A segunda BIBLIOGRAFIA BRASILEIRA DE FUTEBOL é o resultado de uma ampla pesquisa de Ademir Takara que relaciona 4.570 livros publicados no Brasil sobre futebol, de acordo com uma classificação segundo o seu conteúdo e as normas da biblioteconomia.

A obra é fruto de um trabalho de dois pesquisadores e tem objetivo permitir que outros pesquisadores, acadêmicos ou não, possam aprofundar a leitura ou identificar alguma publicação para suas pesquisas.

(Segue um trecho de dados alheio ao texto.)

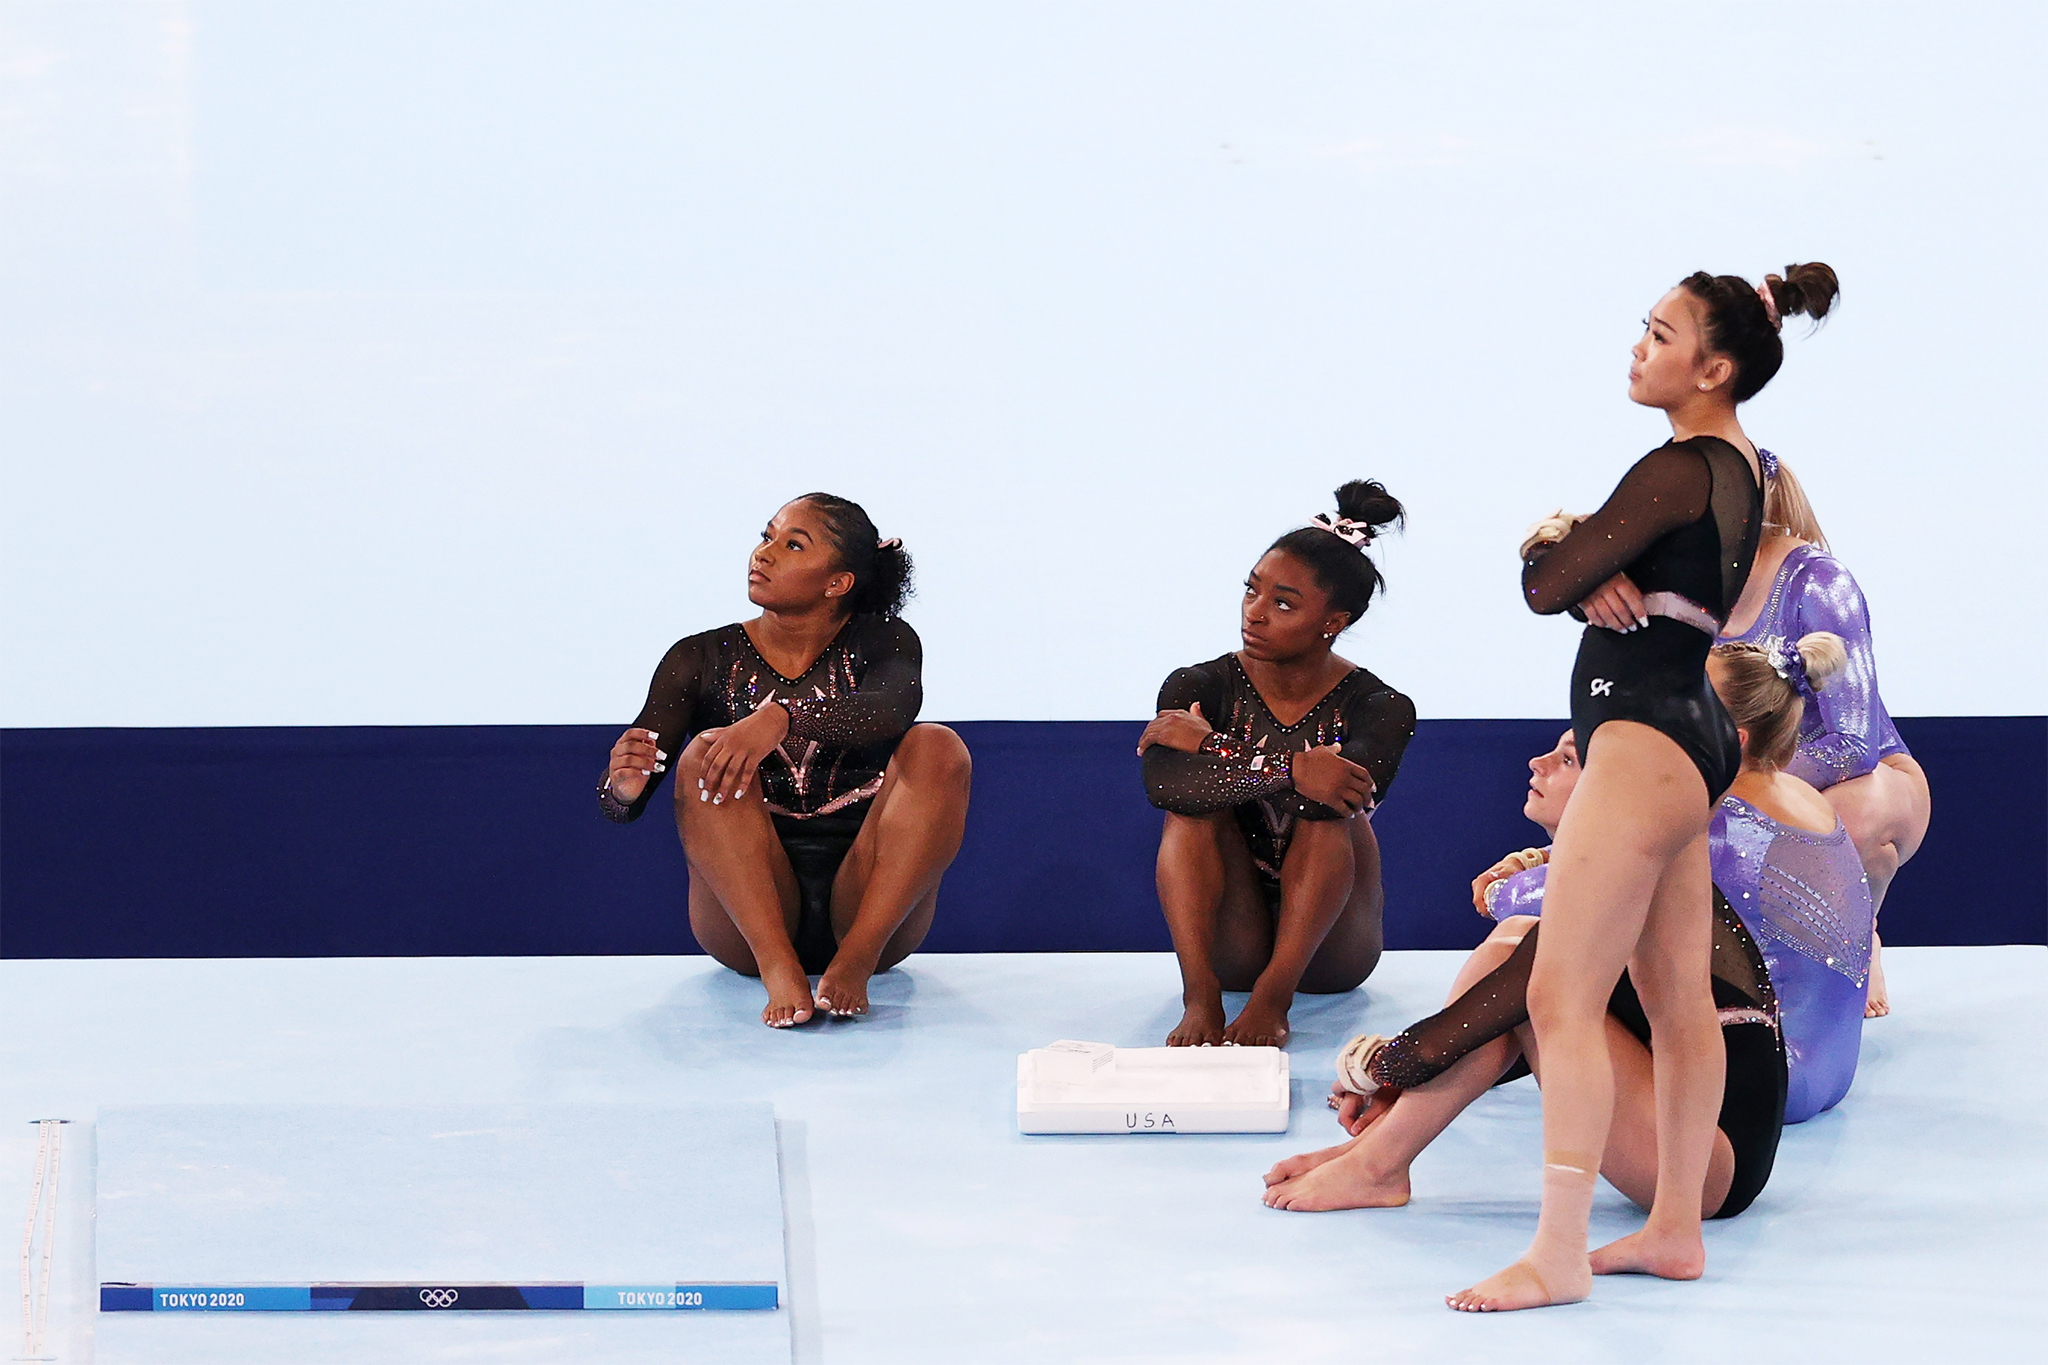 Jordan Chiles, Simone Biles, Grace McCallum, Sunisa Lee (standing), MyKayla Skinner and Jade Carey

No prefácio do livro o jornalista Mauricio Stycer afirma: “Pesquisadores interessados em futebol vão encontrar neste livro um mapa do tesouro para as mais variadas investigações. Editores atentos vão perceber que seu Domingos e Ademir estão colocando à disposição uma verdadeira mina de ouro, com sugestões de reedições de obras hoje esquecidas ou menos valorizadas do que mereceriam.”

Serviços

12h30/13h15. Bate-papo e sessão de autógrafos com Domingos Antonio D’Angelo Jr. e Ademir Takara, autores do livro “Bibliofut: a literatura do futebol brasileiro” (Jundiaí: In House, 2019). O livro —fruto do trabalho de dois pesquisadores que amam o futebol e resolveram compartilhar suas paixões pelo esporte bretão e pelos livros— estará à venda no local pelo preço de R$ 50,00. Domingos é consultor de relações do trabalho, bibliófilo —dono de uma ampla biblioteca com livros sobre futebol— e um dos fundadores do Memofut. Ademir é bacharel em Biblioteconomia e História pela Universidade de São Paulo (USP) e bibliotecário do Centro de Referência do Futebol Brasileiro (CRFB) do Museu do Futebol.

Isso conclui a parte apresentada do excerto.